I panic - perhaps I gave
Mark the wrong name for my grandfather. Have a look on my parents’
marriage certificate and it is Arnold W. Salter.
I
open Bob’s email with the Morris lists on again and look up
all the Toms in Sussex. There isn’t one living at the same address
as my mum and her father so they either got divorced or he’s
dead. Maybe a heart attack. Lung cancer. I know people who have
died in their fifties. If they’re divorced is my mother unhappy?
Maybe my grandfather’s dying. Can’t help picturing a woman living
a lonely life caring for the man who wouldn’t let her get married
to my father and so keep her baby. Maybe she’s not still living
there. Maybe it was just when they first split up. Maybe my
father still lives in Brighton. Maybe she left Brighton to get
away from it all. Maybe I don’t have very much information.
The Tom Morris on the list
who lives in the same village as my mother and grandfather has
the wrong initial, C instead if A. Unless he changed his second
name it’s not my dad. Perhaps it’s my brother. I’ll find out,
if any of them will see me.
For some reason I go back
to Bob’s email and look at the list of Mary B. Salters.
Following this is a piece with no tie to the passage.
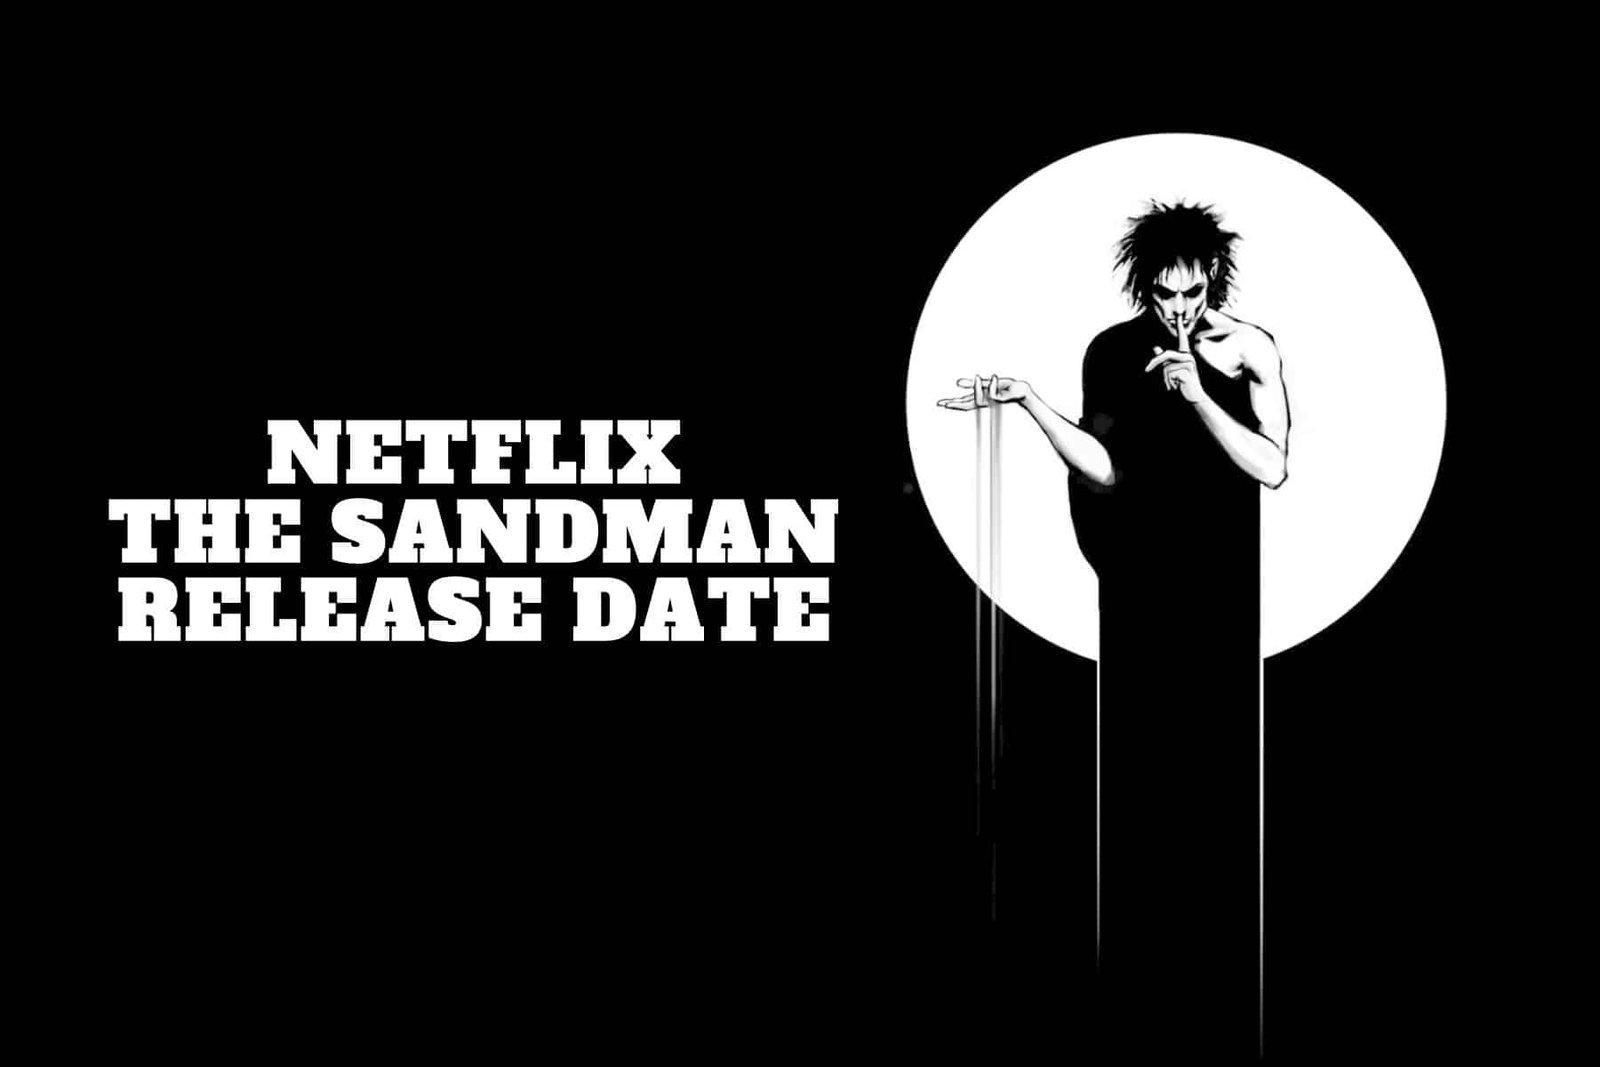 Netflix The Sandman Release Date, Trailer - Is it Canceled?

There
are 30 Mary’s, a lot less than the Toms. I suddenly realise
with a slightly sick feeling that I didn’t take in the existence
of this list, if I looked at it at all, and that there is only
one Mary B. Salter on it (that’s the bit that gives me the sick
feeling). I realise that I must have missed out this list altogether
and that I could have known where my mum lived over two weeks
ago. I’ve had the information on my computer all along.
I glance down from the computer
and notice the number of the Population Census and Survey on
the back of the envelope I keep my adoption papers in. They
look after the UK official Adoption List where adoptees and
birth families can register to show they would like to meet.
I call it the ‘I want you to find me list’. I’ve been meaning
to ring them to see if my mother put her name down. I’ve had
the number for days. Before I have a chance to forget I pick
the phone up and dial. No answer, not even a message machine
– guess they’re not back from the holidays yet. Will have to
wait ‘til next week. It would be amazing if she was on that
list. Then I wouldn’t have to worry about whether she’ll see
me or not.
Liz told me that her adopted friend tracked
her mother down only to find out she had died the week before.
Every day counts. I don’t think I’ll sleep tonight.